Saved data entries:
○ ○ ○

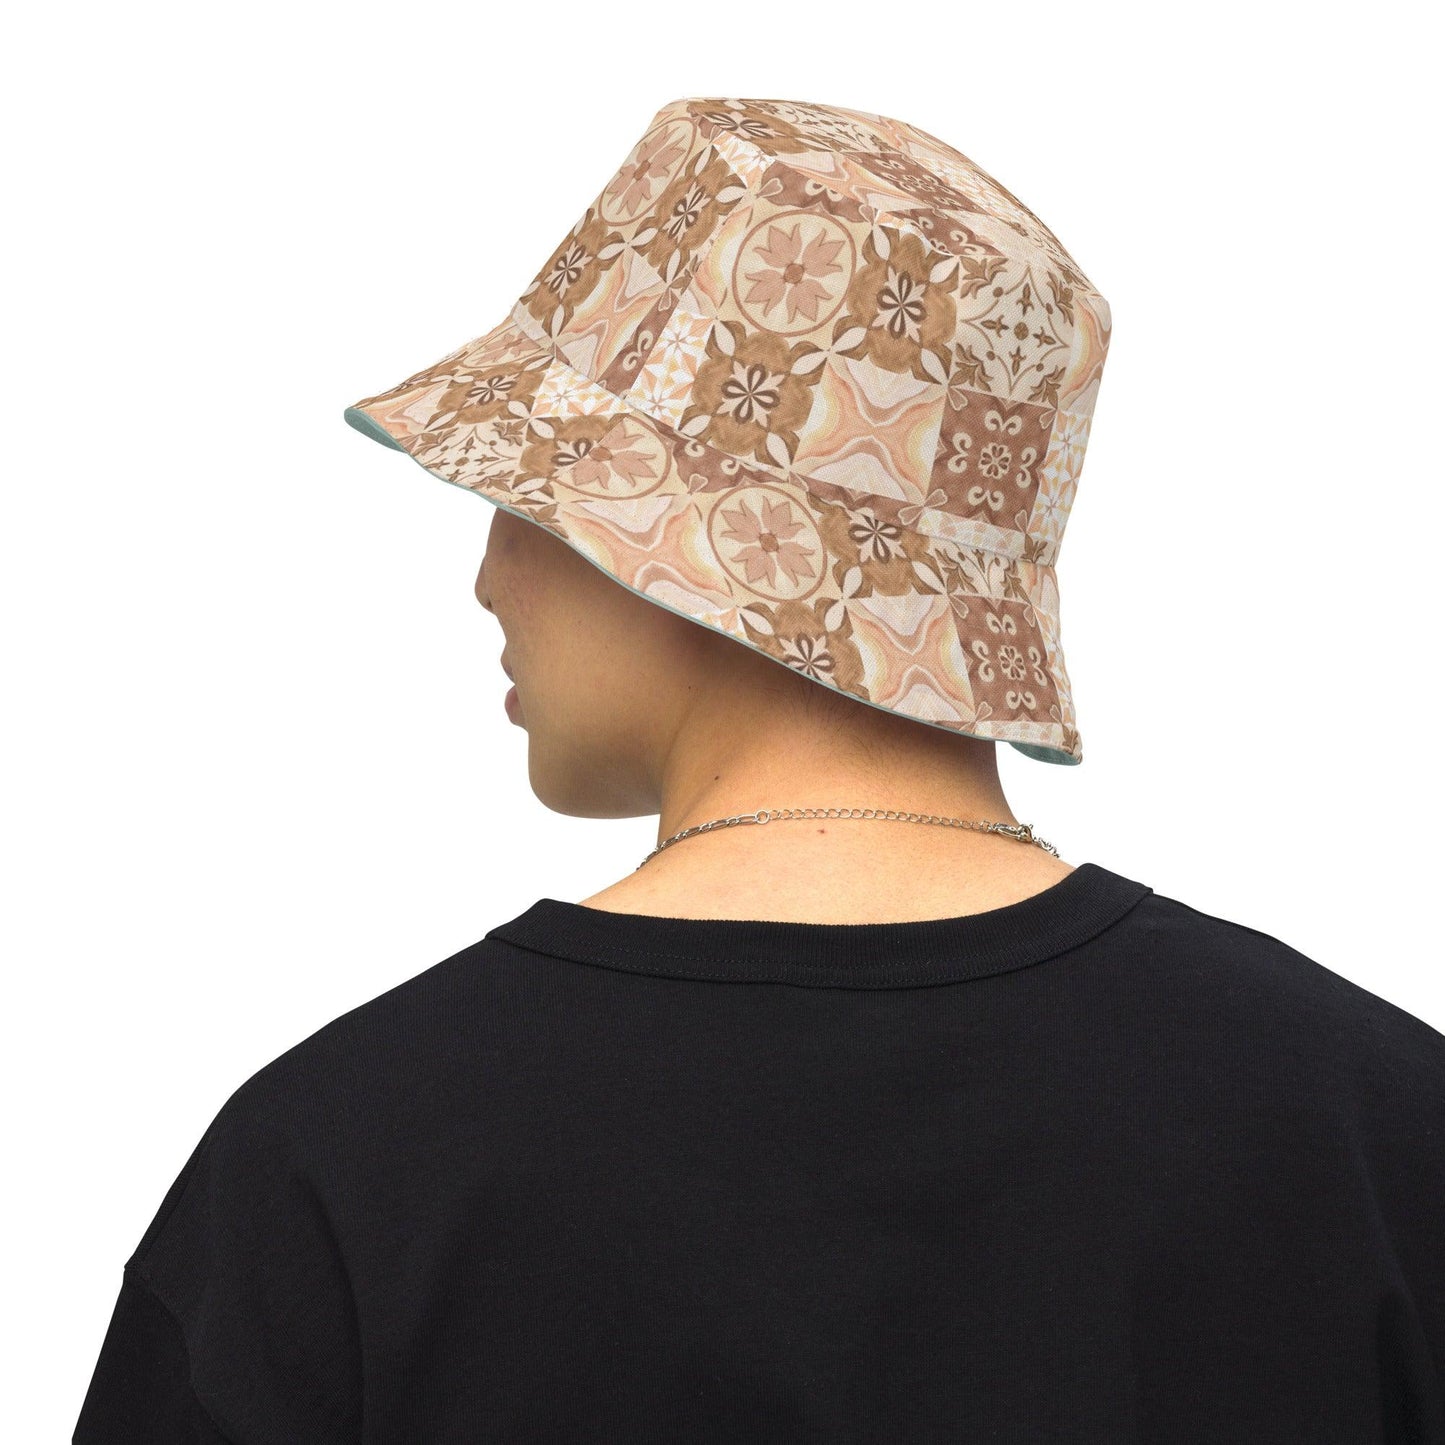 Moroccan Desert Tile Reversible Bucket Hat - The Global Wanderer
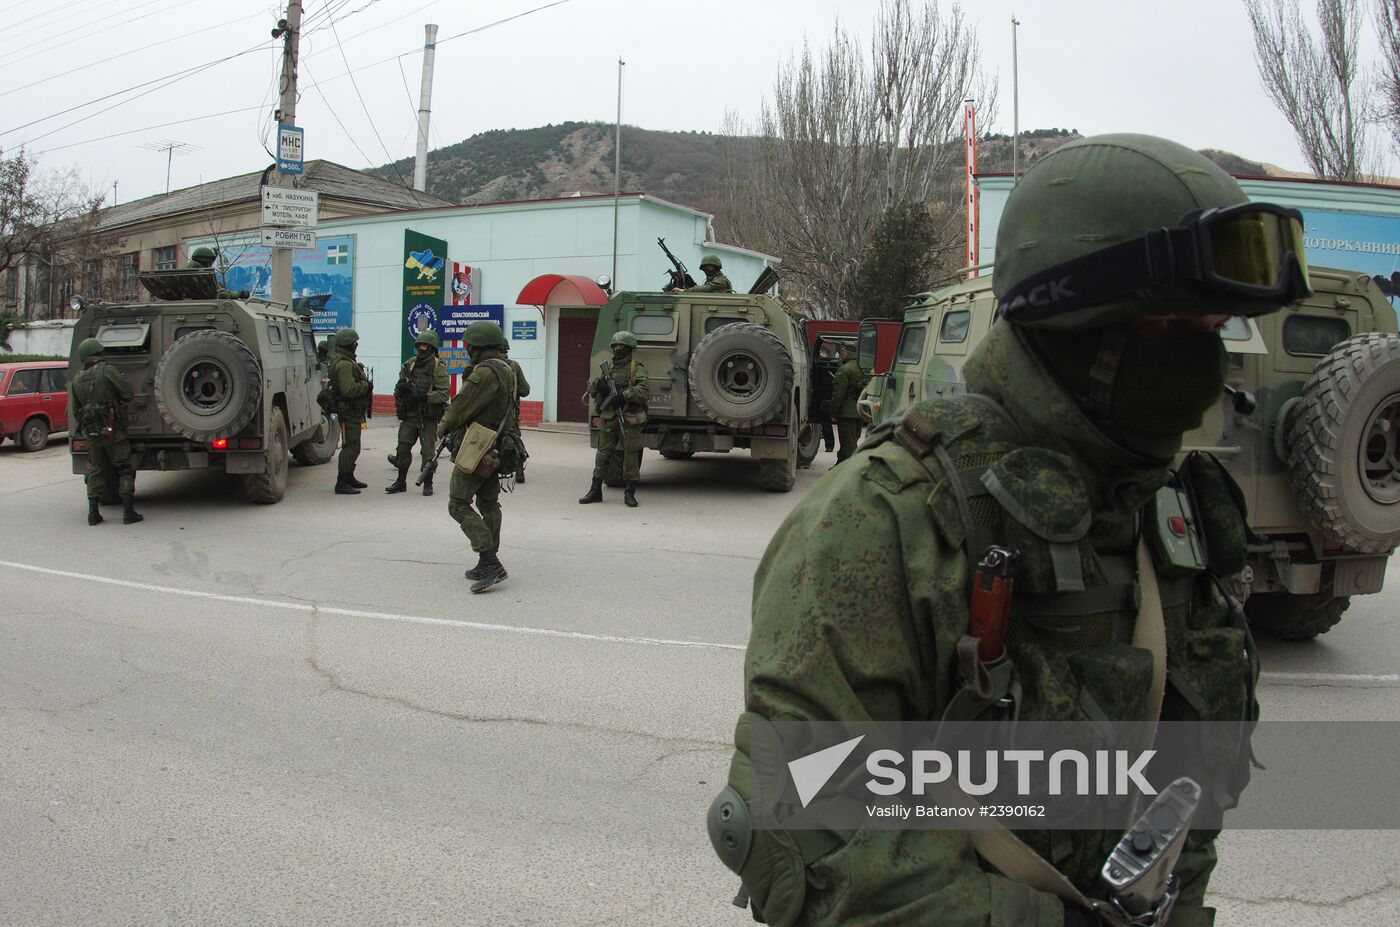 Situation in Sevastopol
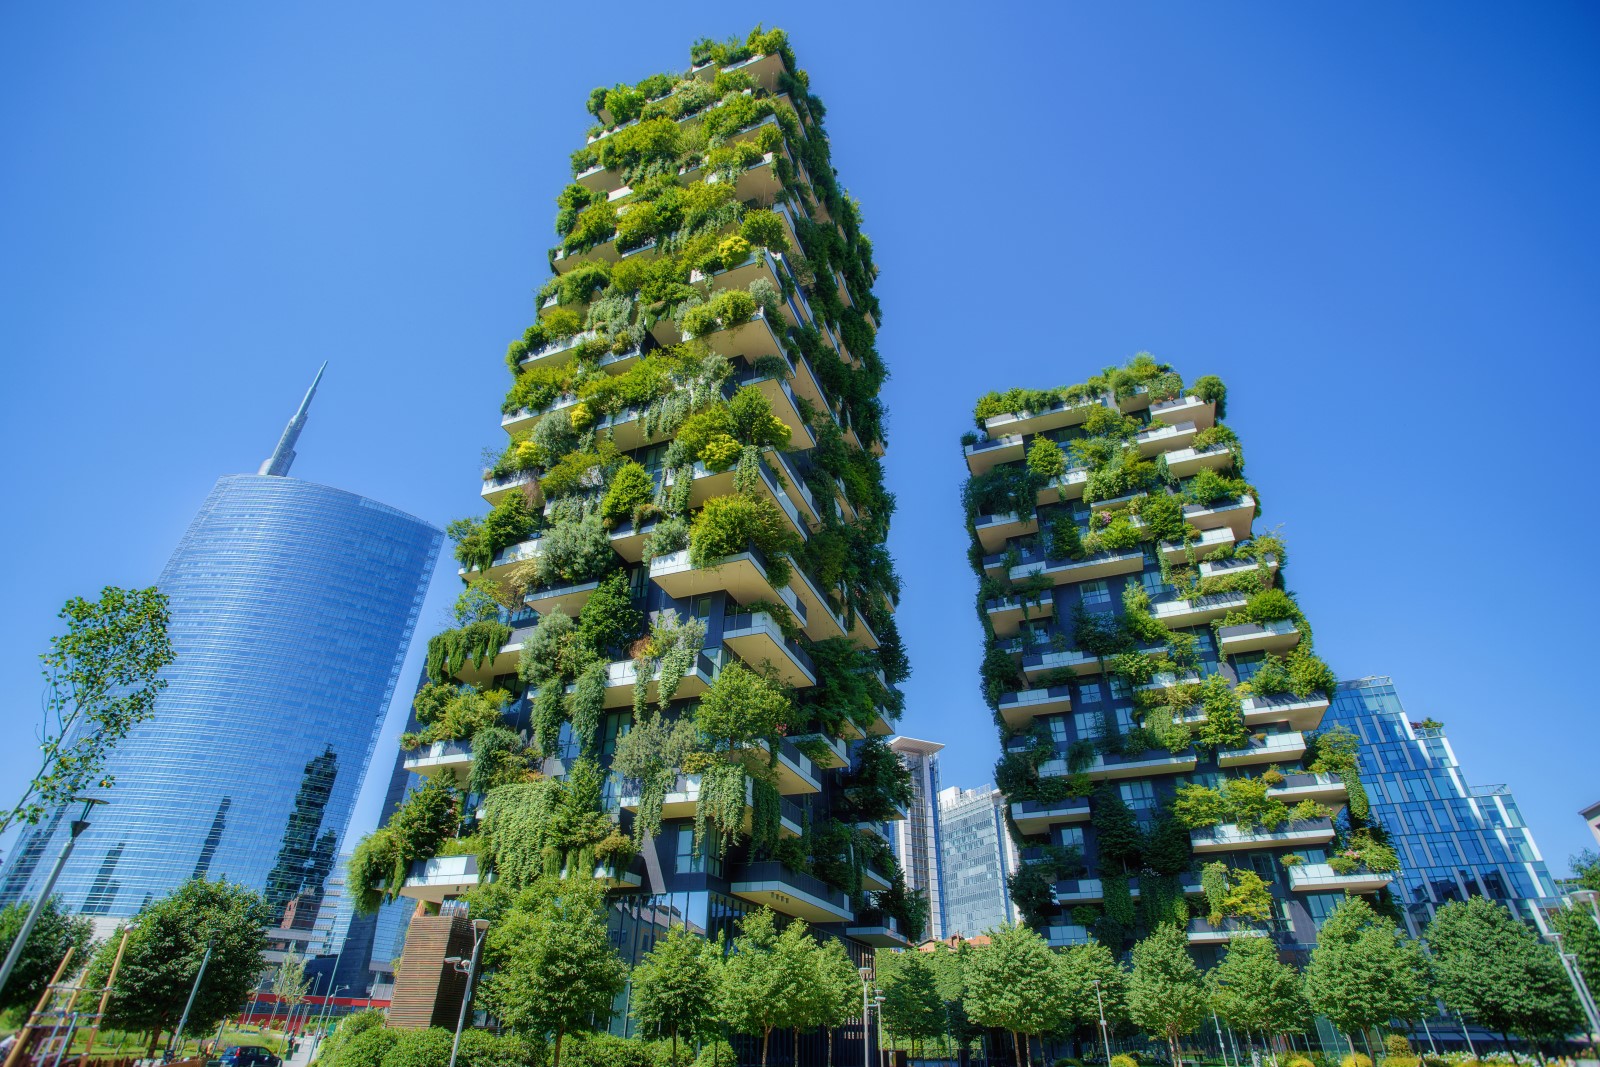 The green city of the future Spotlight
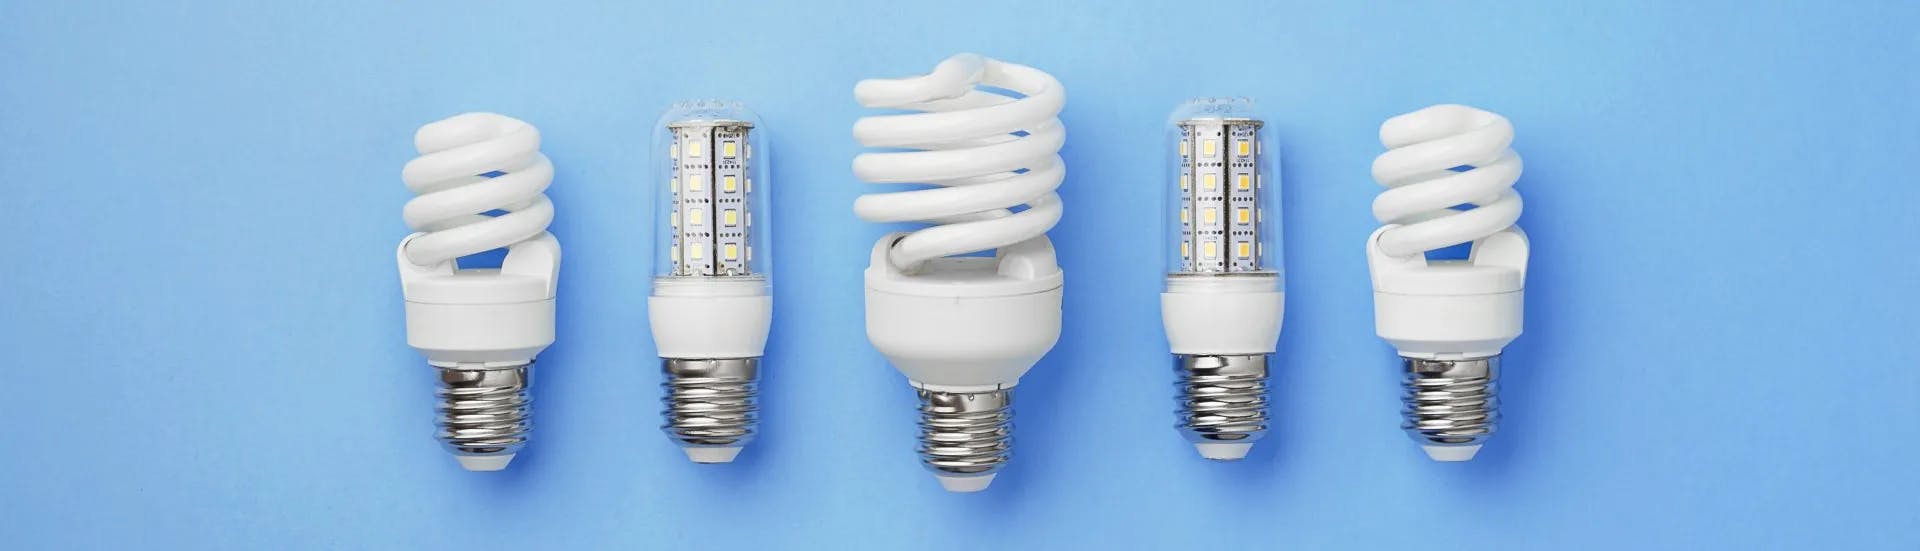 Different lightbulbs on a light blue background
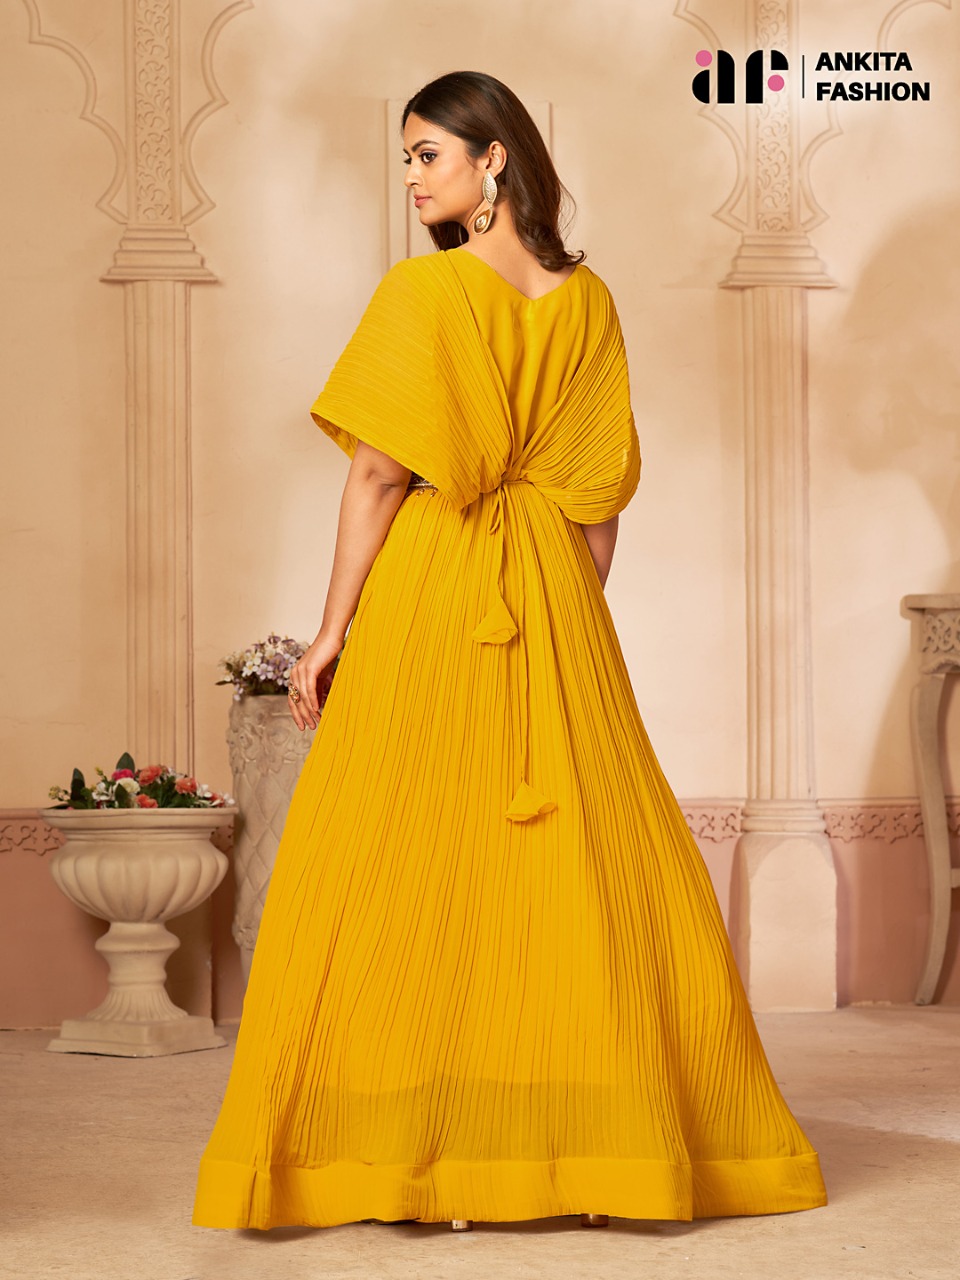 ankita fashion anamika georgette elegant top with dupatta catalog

○ ○ ○

Starting from the line containing "The green city of the future Spotlight", repeat each line exactly through the end of the entries, including the last, while leaving pictures out.

 The green city of the future Spotlight
 Different lightbulbs on a light blue background
 ankita fashion anamika georgette elegant top with dupatta catalog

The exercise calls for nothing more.